Abstract

During the COVID-19 pandemic, the Moroccan population, like the entire population of the world, used medicinal plants to treat or cure symptoms of SARS-CoV-2. The present work was designed to identify the medicinal plants used by the Moroccan population in the prevention or treatment of COVID-19. To achieve this goal, a survey was conducted to collect data on plants along with the sociodemographic parameters of users. The outcome of this work showed that 1,263 people were interviewed with 63.5% male, aged between 18 and 82 years. Most plant users were between 20 and 40 years, which constituted 80.1% of the study population. The level of education of participants was 70.9% university and 27.6% secondary. The most useful plants were eucalyptus, cloves, lemon, and garlic. Notably, 61.9% of interviewed people used plants for preventing or treating COVID-19: 30.6% of them declared one-time use from the beginning of the pandemic, and 47.8% declared frequent daily use until recovery, while 17.4% declared single daily use. Five out of twenty-one plants used in the treatment are known for their potential toxicity, including Artemisia herba-alba and oleander (Nerium oleander). The findings of the present work could serve society by providing potential medicinal plants to control COVID-19.

1. Introduction

On May 27, 2020, the World Health Organization (WHO) declared the severe acute respiratory syndrome (SARS) of the current coronavirus disease 19 (COVID-19) outbreak, emerging in China at the end of 2019, as a pandemic. Since then, more than 585,568,206 confirmed cases of COVID-19, including 6,428,220 deaths across the world have been recorded, according to the website https://www.worldometers.info/coronavirus/, accessed on August 4th, 2022 [1]. Alpha, Beta, Gamma, and Delta-coronaviruses are the four genera that make up the Coronaviridae family, with Alpha and Beta-coronaviruses being the human pathogens. The virus that causes COVID-19, SARS-CoV-2, also known as 2019-nCoV, and severe acute respiratory syndrome (SARS) coronavirus (CoV)-2 virus, belongs to the genus Beta-coronavirus of the Coronaviridae family [2].
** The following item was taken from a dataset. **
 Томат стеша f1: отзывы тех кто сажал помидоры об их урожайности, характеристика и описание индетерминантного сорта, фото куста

All the populations of the world were oriented towards natural products to prevent or treat infection caused by COVID-19 [35]. The Moroccan population is closely linked to phototherapy, which is back to several reasons, such as the richness of the country by medicinal plants (5.200 species and subspecies, and 600 species are medicinal plants), the economic situation of the Moroccan population, the illiterate and the inaccessibility of modern medicine) [6].
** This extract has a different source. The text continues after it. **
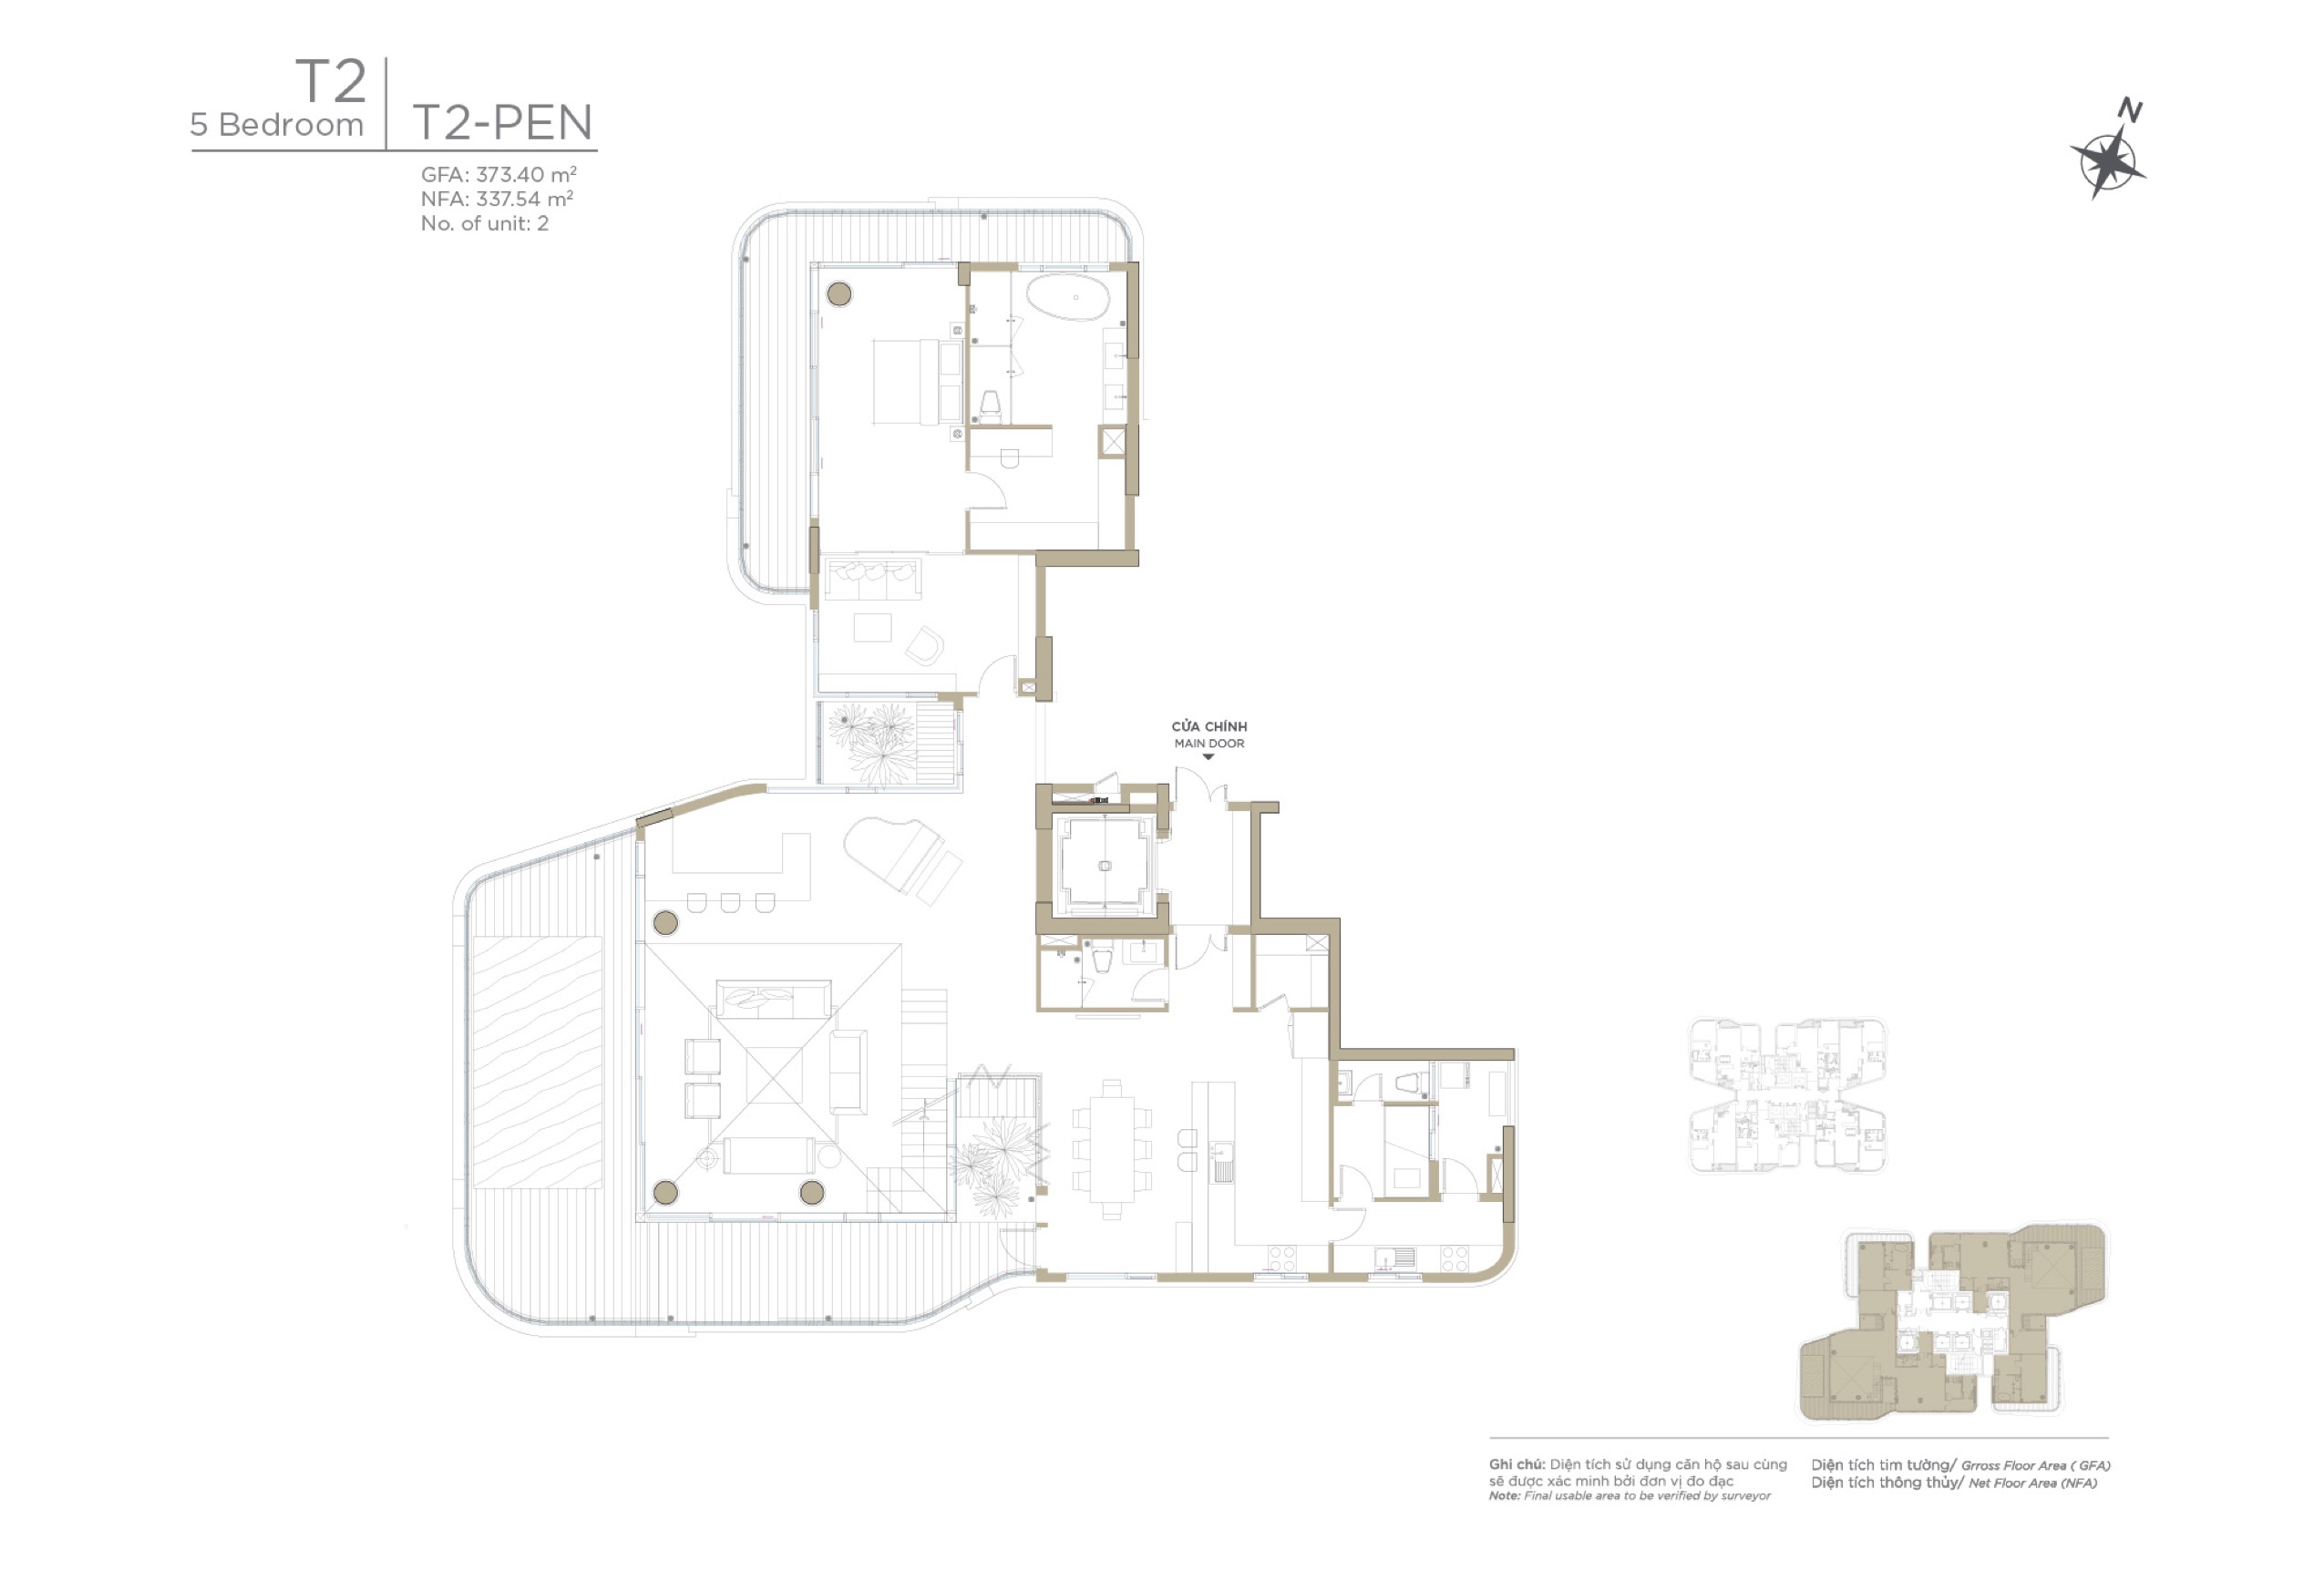 Mặt bằng layout căn hộ Duplex Penthouse 5 phòng ngủ Zeit River Thủ Thiêm tháp T2 - bán chuyển nhượng cho thuê căn hộ Duplex Penthouse 5 phòng ngủ Zeit River Thủ thiêm tháp T2

According to the Moroccan Ministry of Health, 1,261, 816 confirmed cases of COVID-19 and 1618, 9 deaths have been recorded since the beginning of the pandemic. As a consequence, the Moroccan population has used plants for preventing or treating this causative agent of the severe acute respiratory syndrome [7, 8].
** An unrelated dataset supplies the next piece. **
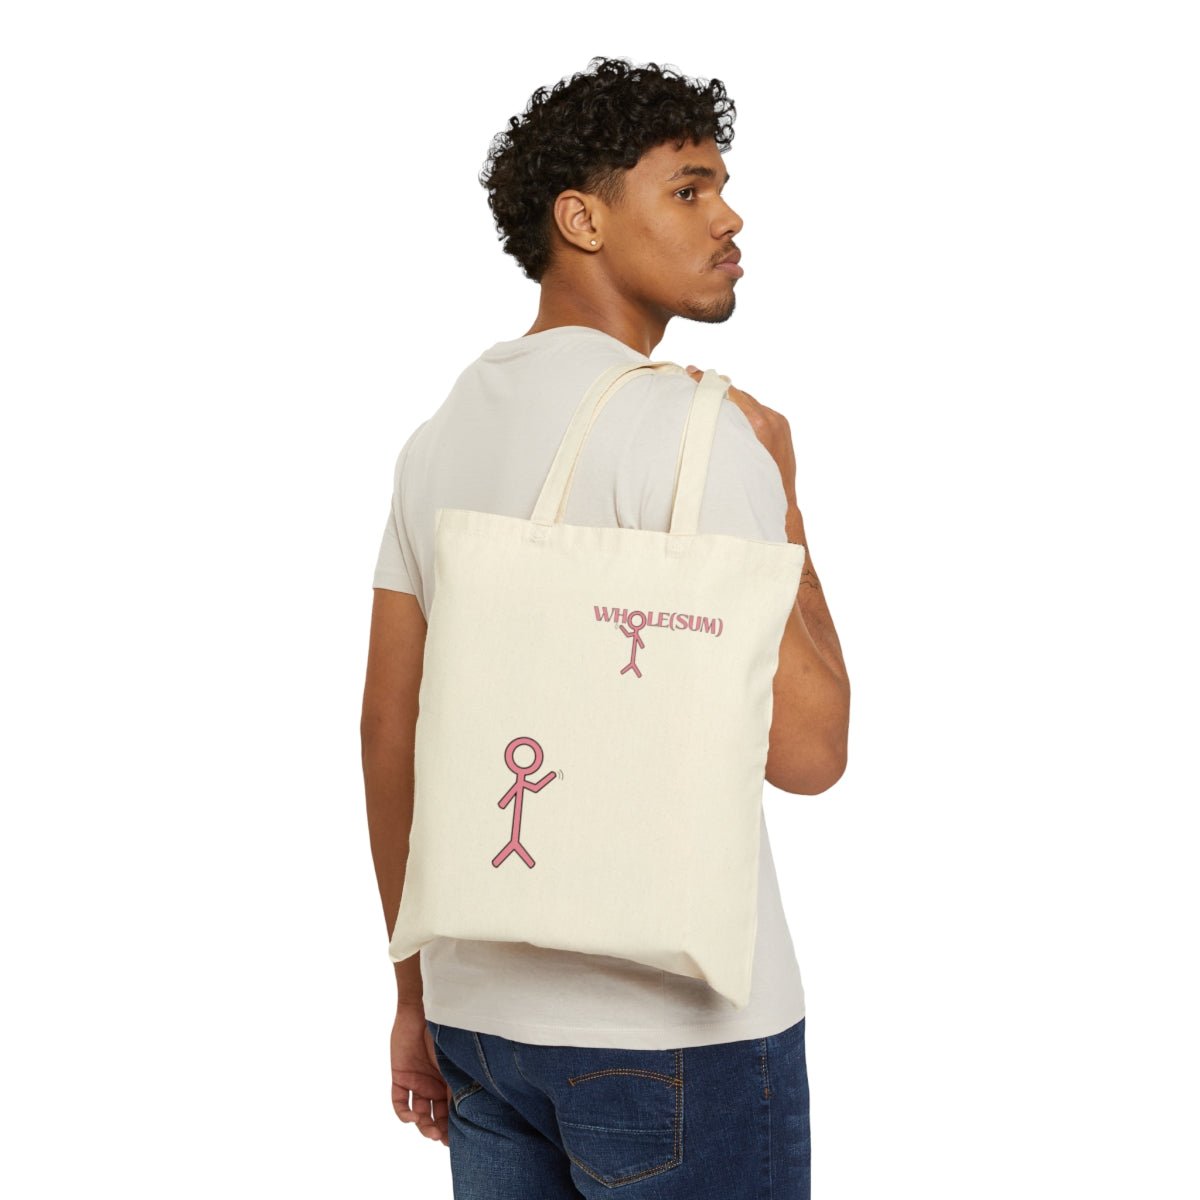 wholesum-wave-tote-bag-held-over-models-shoulder-with-stick-figure-design-showing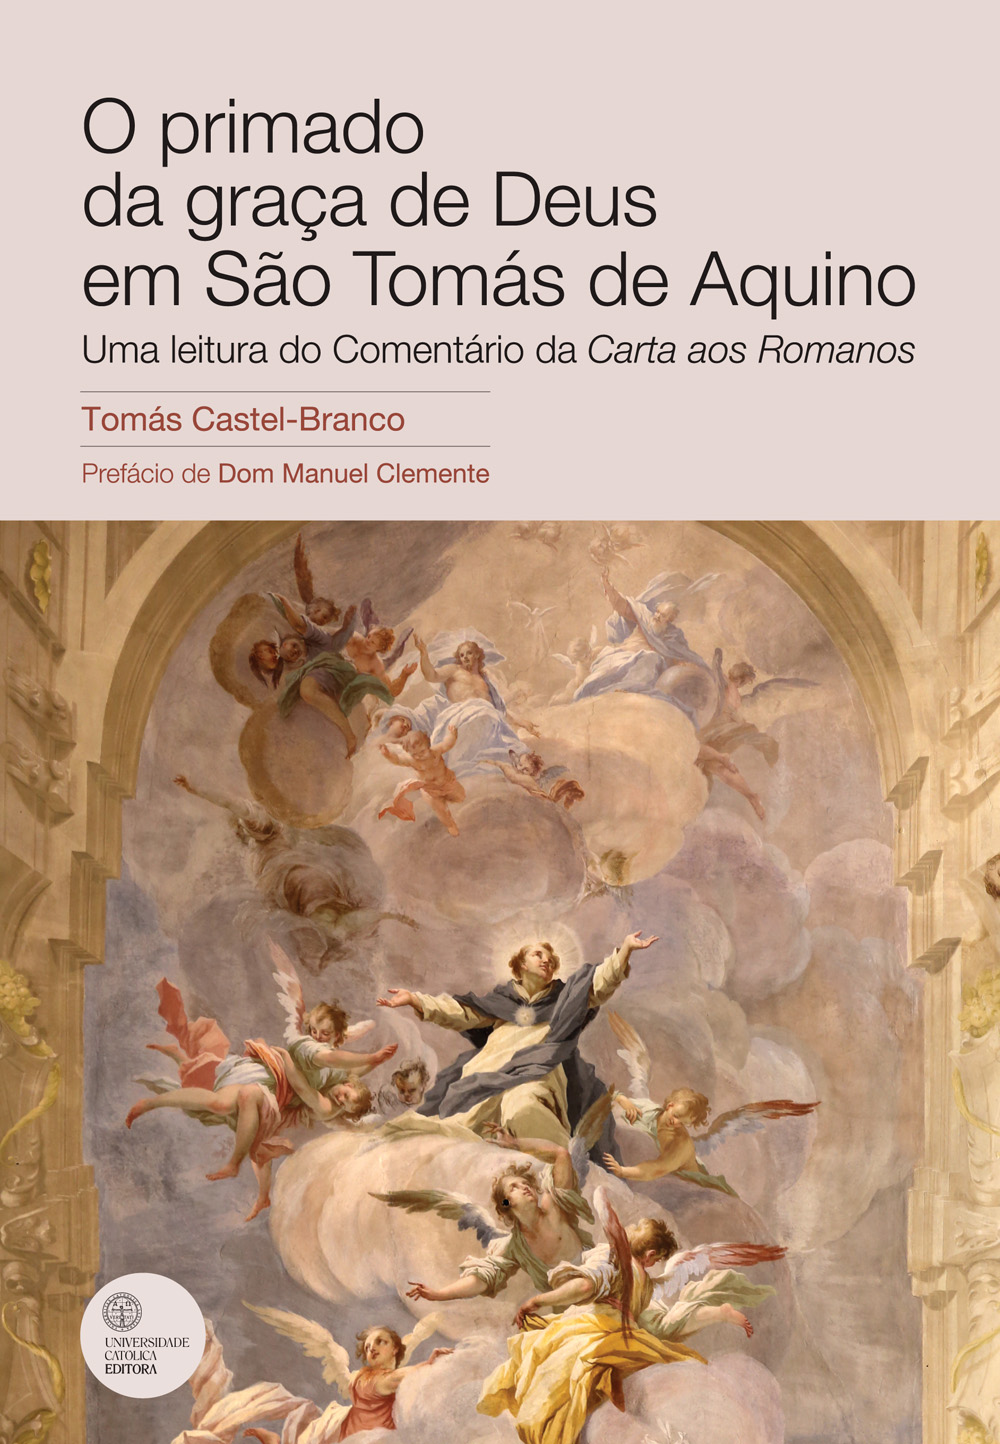 O PRIMADO DA GRAÇA DE DEUS EM SÃO TOMÁS DE AQUINO - Universidade Católica Editora

In this context, our study aimed to collect information on medicinal plants used by the Moroccan population in the prevention or treatment of COVID-19.

2. Materials and Methods

2.1. Type and Study Area

The present work was a prospective longitudinal cohort study, which aimed to collect data by use of a structured questionnaire via Google Forms, conducted in different regions of Morocco.

2.2. Information Gathering

All information was collected from 10 regions in Morocco: Marrakech-Safi, Béni Mellal-Khenifra, Fez-Meknes, Casablanca-Settat, Dakhla-Oued Ed-Dahab, Drâa-Tafilalet, Laâyoune-Sakia El Hamra, Oriental, Tanger-Tetouan-Al Hoceima, and Rabat-Salé-Kénitra (Table 1).

Each questionnaire was focused on two parts; sociodemographic characteristics and ethnomedicinal data.

2.3. Statistical Analyses

Variables were described by use of descriptive statistics; qualitative variables were described in terms of percentage, while quantitative variables were described in terms of mean, extreme values, and standard deviation. Data entry and statistical analysis were performed by use of IBM SPSS Statistics for Windows, version 21 (IBM Corp., Armonk, NY, USA).

3. Results and Discussion

3.1. Sociodemographic Characteristics

One thousand two hundred sixty-three people were interviewed in this study (63% men vs 37% women) whose age was between 18 and 82 years. 70.9% of them have a higher education level, followed by secondary level (27.6%) and then primary level (1.5%). 41.6% of plant users had a lower monthly income of 100 USD, 24.5% between 100 and 500 USD, 24.5% between 500 and 1000 USD, and 10.5% had more than 1000 USD. 80% are located in rural areas and 27% are without medical recovery (RAMED) (Table 2).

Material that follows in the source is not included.